No fue la estupidez del concepto lo que me asombró –todos somos estúpidos de vez en cuando, o con cierta frecuencia–, sino la perfecta formulación, por escrito, de algo que hasta entonces me había pasado inadvertido: un fenómeno inquietante y muy peligroso que se produce en España en los últimos tiempos. En determinados medios, sobre todo redes sociales, empieza a identificarse el correcto uso de la lengua española con un pensamiento reaccionario; con una ideología próxima a lo que aquí llamamos derecha. A cambio, cada vez más, se alaba la incorrección ortográfica y gramatical como actividad libre, progresista, supuestamente propia de la izquierda. Según esta perversa idea, escribir mal, incluso expresarse mal, ya no es algo de lo que haya que avergonzarse. Al contrario: se disfraza de acto insumiso frente a unas reglas ortográficas o gramaticales que, al ser reglas, sólo pueden ser defendidas por el inmovilismo reaccionario para salvaguardar sus privilegios, sean éstos los que sean. Ello es, figúrense, muy conveniente para determinados sectores; pues cualquier desharrapado de la lengua puede así justificar sus carencias, su desidia, su rechazo a aprender; de forma que no es extraño que tantos –y de forma preocupante, muchos jóvenes– se apunten a esa coartada o pretexto. No escribo mal porque no sepa, es el argumento. Lo hago porque es más rompedor y práctico. Más moderno. 

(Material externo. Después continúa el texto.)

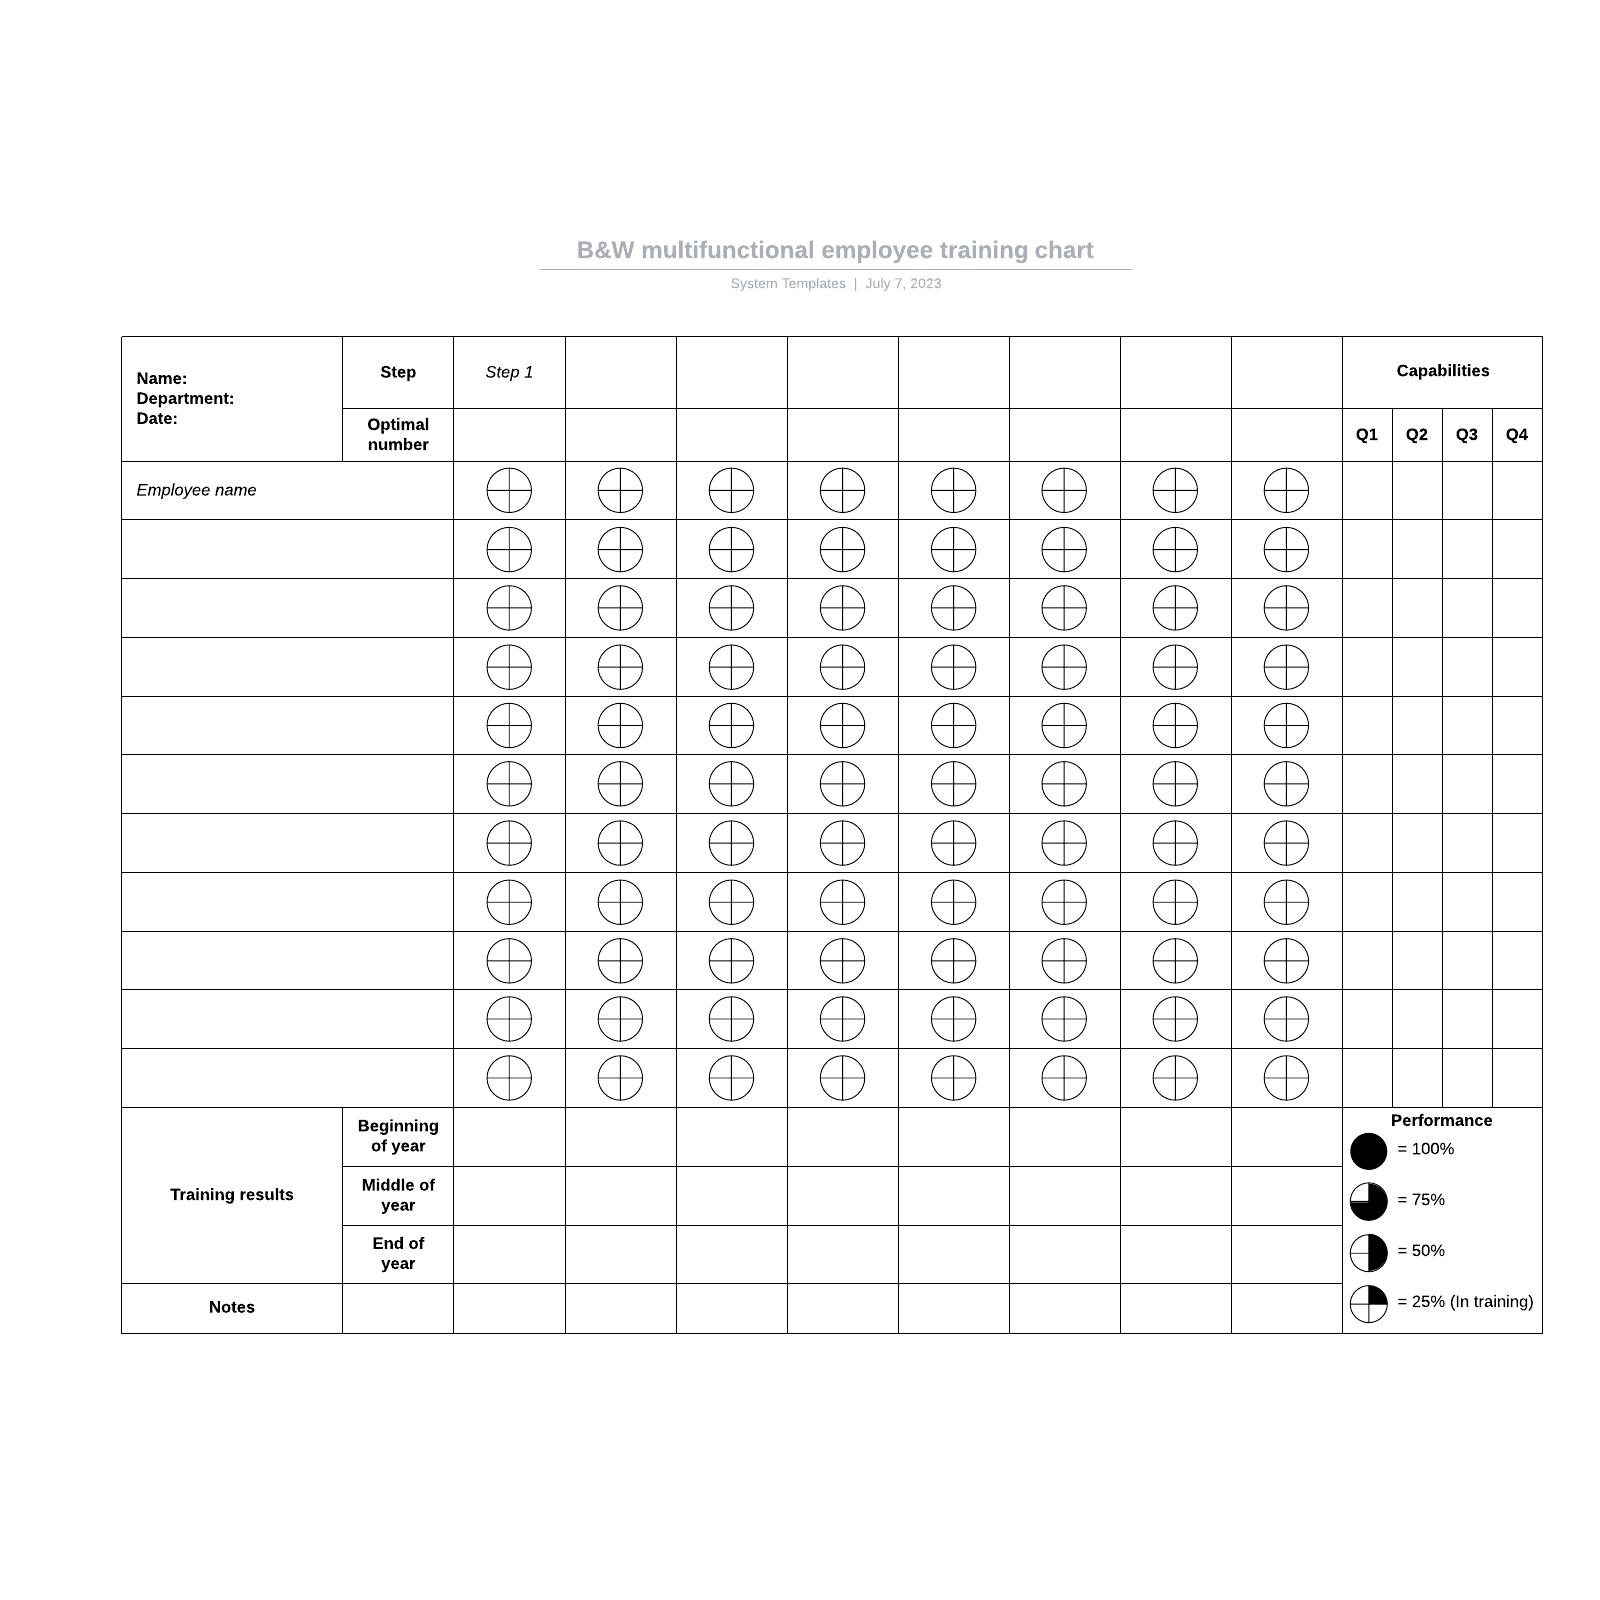 B&W multifunctional employee training chart

Todo eso, que ya por sí es inquietante, se agrava con la utilización interesada que de ello hacen algunos sectores políticos, en esta España tan propensa secularmente a demolerse a sí misma. Jugando con la incultura, la falta de ganas de aprender y la demagogia de fácil calado, no pocos trileros del cuento chino se apuntan a esa moda, denigrando por activa o pasiva cualquier referencia de autoridad lingüística; a la que, si no se ajusta a sus objetivos políticos inmediatos, no dudan, como digo, en calificar de reaccionaria, derechista e incluso fascista, términos que en España hemos convertido en sinónimos. Con el añadido de que a menudo son esos mismos actores políticos los que también son incultos, y de este modo pretenden enmascarar sus propias deficiencias, mediocridad y falta de conocimientos. Otras veces, aunque los interesados saben perfectamente cuáles son las reglas, las vulneran con toda deliberación para ajustar el habla a sus intereses específicos, sin importarles el daño causado. 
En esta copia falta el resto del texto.